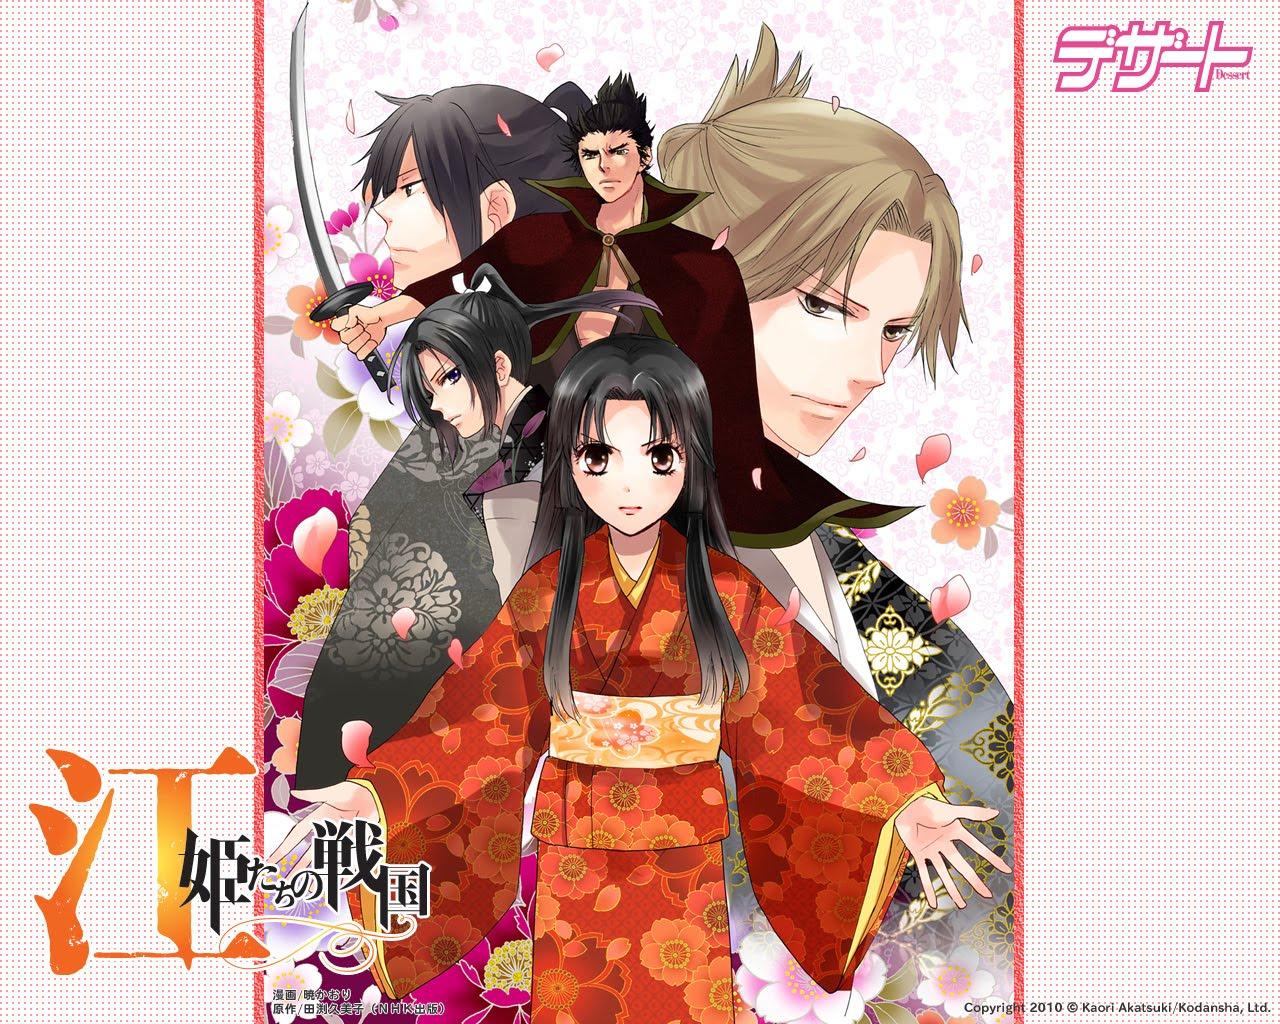 http://2.bp.blogspot.com/_in5YIFz6Dbw/TKstpxLJ4cI/AAAAAAAABS4/YSI3p8AtOOo/s1600/Ko+Himetachi+no+Sengoku.jpg
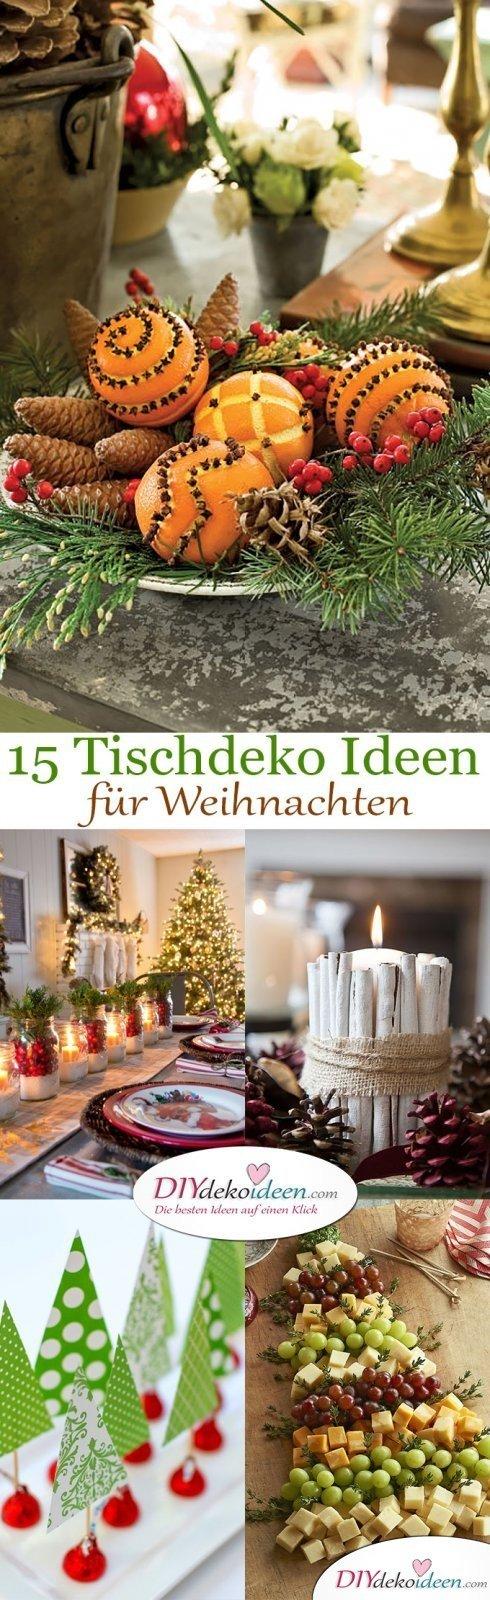 15 stimmungsvolle Tischdeko Ideen für Weihnacht
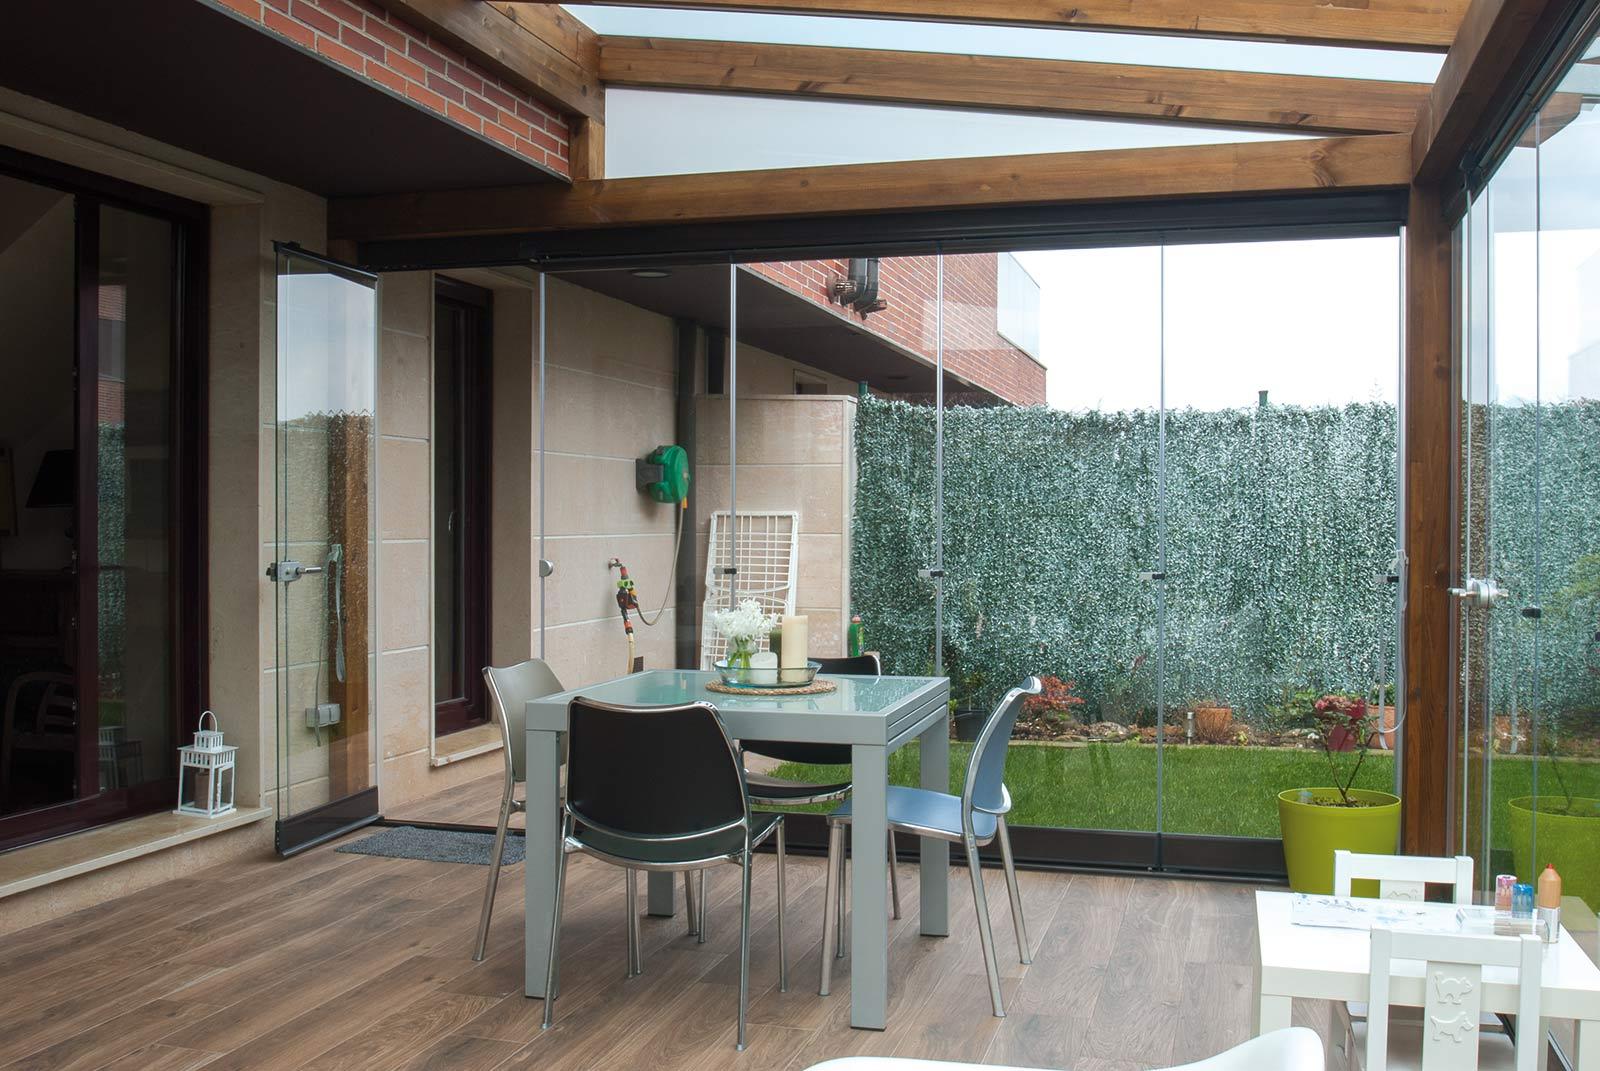 porche-jardin-madera-cristal-lumon-cerrado-abierto-9
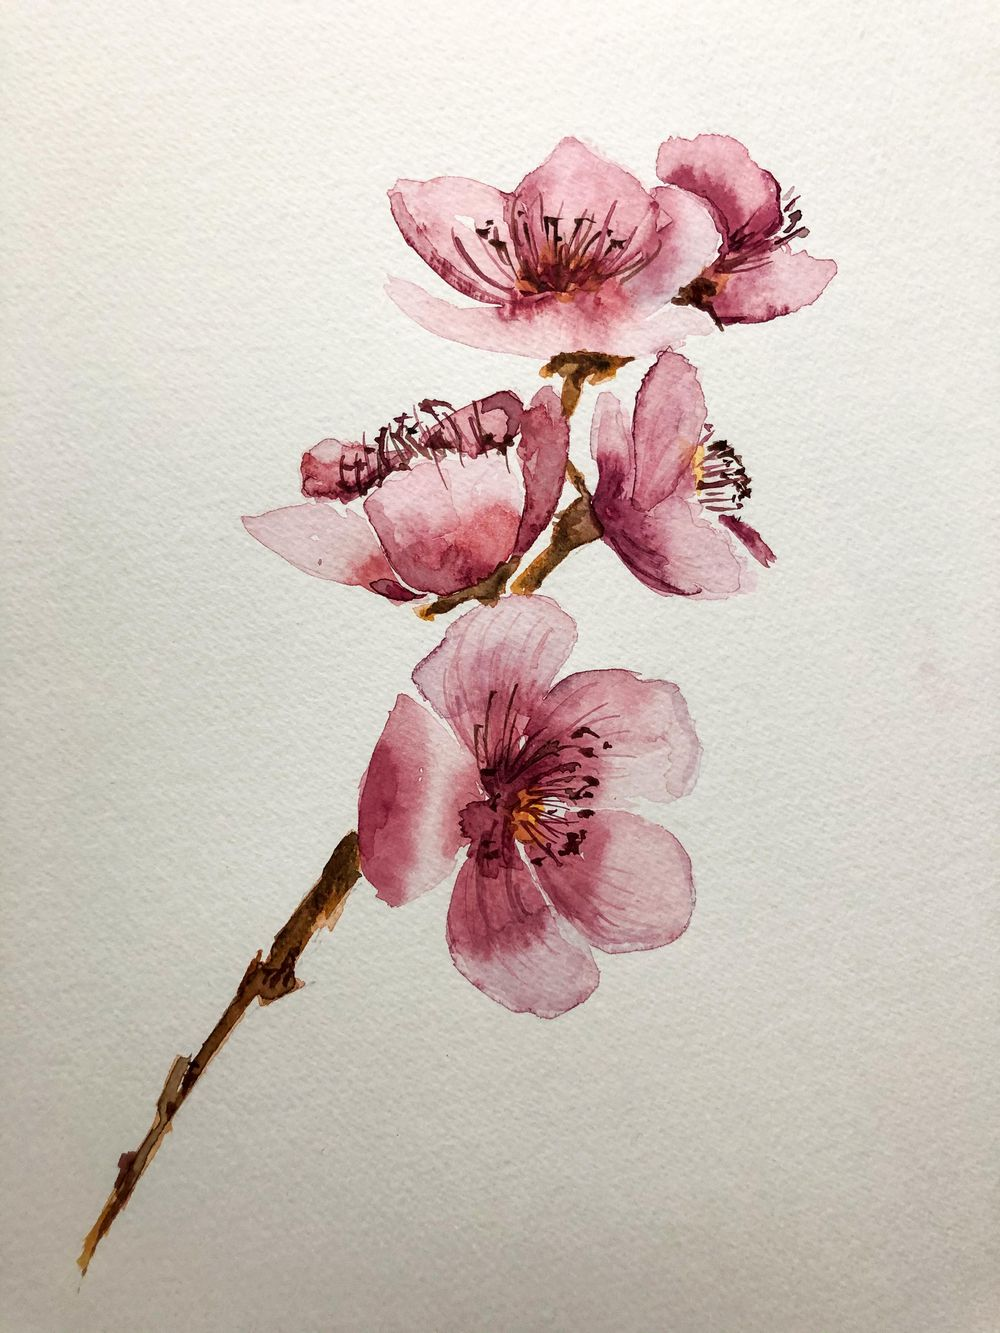 Fleurs de cerisiers - image 1 - student project

--

__TASK STATEMENT__: Once the line containing "15 stimmungsvolle Tischdeko" is found, transcribe it and the rest of the lines to the end of the listing above exactly, omitting all pictures.

__RESPONSE__:
 15 stimmungsvolle Tischdeko Ideen für Weihnacht
 porche-jardin-madera-cristal-lumon-cerrado-abierto-9
 Fleurs de cerisiers - image 1 - student project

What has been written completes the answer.